Für beide Wissenschaftler zeigt die positive Entwicklung ganz deutlich: Die Maßnahmen im Obst- und Weinbau zur Abdriftreduktion sind erfolgreich. Dazu zählen zum Beispiel die grobtropfige Ausbringung durch Injektordüsen bei Sprühgeräten und eine sachgerechte Ausbringung durch die Anwender. Oberhuber unterstrich: „Die Anstrengungen der Landwirte haben gewirkt und zu einer maßgeblichen Reduktion der Rückstände geführt“. Diese Entwicklung müsse weitergehen, bekräftigt der Laimburg-Direktor. Denn einige der beprobten Standorte weisen regelmäßig eine höhere Anzahl an Wirkstoffen auf. „Wie Landwirte die Pflanzenschutzmittelbehandlungen handhaben, ist ein wirkungsvoller Hebel zur Reduktion von Abdrift. Wir müssen weiterhin alles gegen die Abdrift unternehmen, denn Rückstände von Pflanzenschutzmitteln gehören auf öffentlichen Flächen nicht hin.“
Kein gesundheitliches Risiko
Auf die Frage, ob die gefundenen Rückstände für Unbeteiligte wie etwa spielende Kinder ein gesundheitliches Risiko darstellen, gibt die Studie klare Entwarnung. “Bei der Einschätzung eines möglichen Risikos für die menschliche Gesundheit geht es nicht nur um das Vorhandensein von Rückständen, sondern vor allem darum, deren Konzentration zu betrachten. Diese ist in den Grasproben deutlich unterhalb jenes Bereichs, der gesundheitlich bedenklich sein könnte,” lautete die klare Botschaft von Lino Wegher.

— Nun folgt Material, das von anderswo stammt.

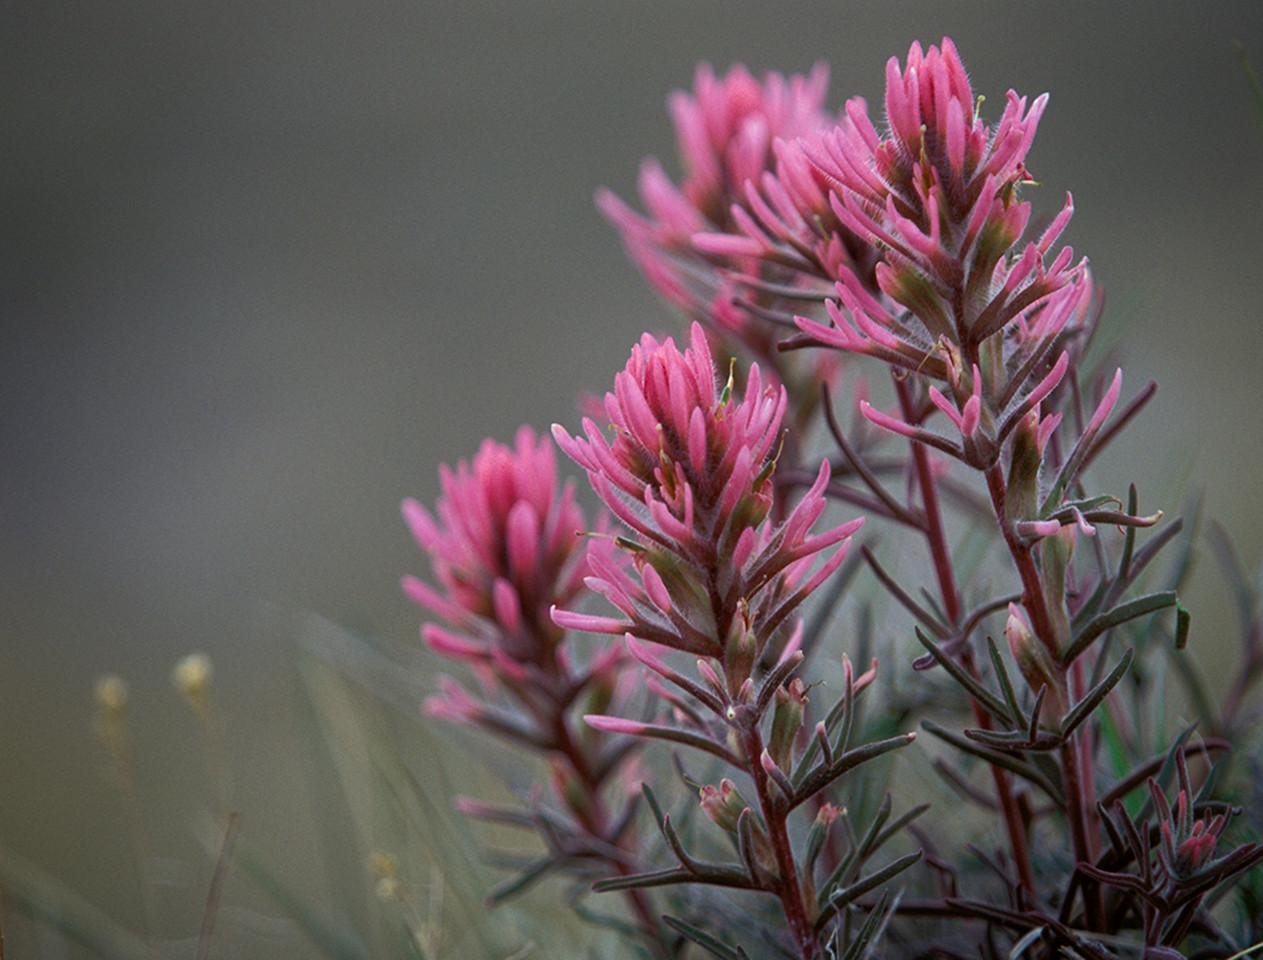 Jim_Parrish-DownyPaintbrush_Castilleja_sessiliflora

Zur Verdeutlichung der minimalen Mengen wird in der Studie ein Vergleich mit den zulässigen Höchstmengen in Agrarprodukten gezogen. Das Fazit: „Die Rückstandskonzentrationen sind vergleichbar mit den Mengen, die wir auf Lebensmitteln finden und die der Gesetzgeber für diese als sicher festgelegt hat“, erklärt Oberhuber. „Die aufgefundenen Werte bereiten mir also keine Sorgen.“
Studie in Fachmagazin veröffentlicht
Beide Wissenschaftler weisen darauf hin, dass die Ergebnisse des Monitorings nur repräsentativ für „sensible Zonen“ sind, die direkt an Landwirtschaftsflächen angrenzen. Sie lassen sich also auch nicht auf die gesamte Südtiroler Fläche übertragen.

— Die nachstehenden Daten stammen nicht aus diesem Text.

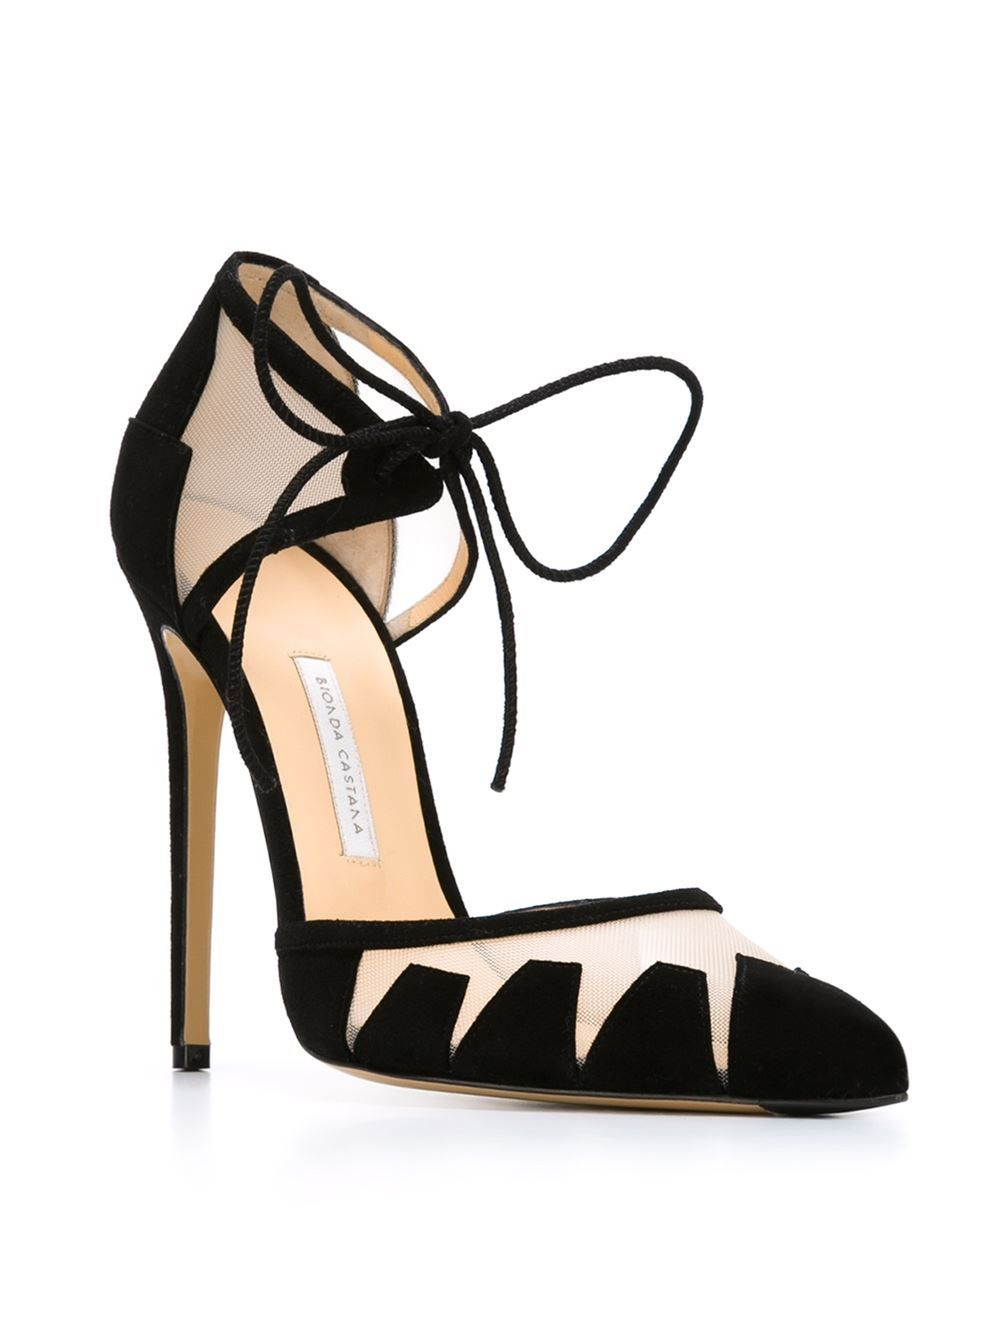 42620935af26b Bionda Castana  Lana  Pumps - Farfetch. Bionda CastanaShoes 2017Suede  PumpsDesigner ShoesPumpingWoman ShoesBallet FlatBallerinaSandal

Die gesamte Studie, an der weitere Autoren mitgewirkt haben, wurde vom Sanitätsbetrieb und dem Versuchszentrum Laimburg – nach Überprüfung durch unabhängige Gutachter – im renommierten wissenschaftlichen Journal „Frontiers in Environmental Science“ in englischer Sprache publiziert. Auch die Rohdaten des Langzeit-Monitorings sind im Internet öffentlich zugänglich. Ziel der Arbeit war es, die Gesamtheit der gewonnen Daten des Monitorings transparent und nachvollziehbar darzustellen.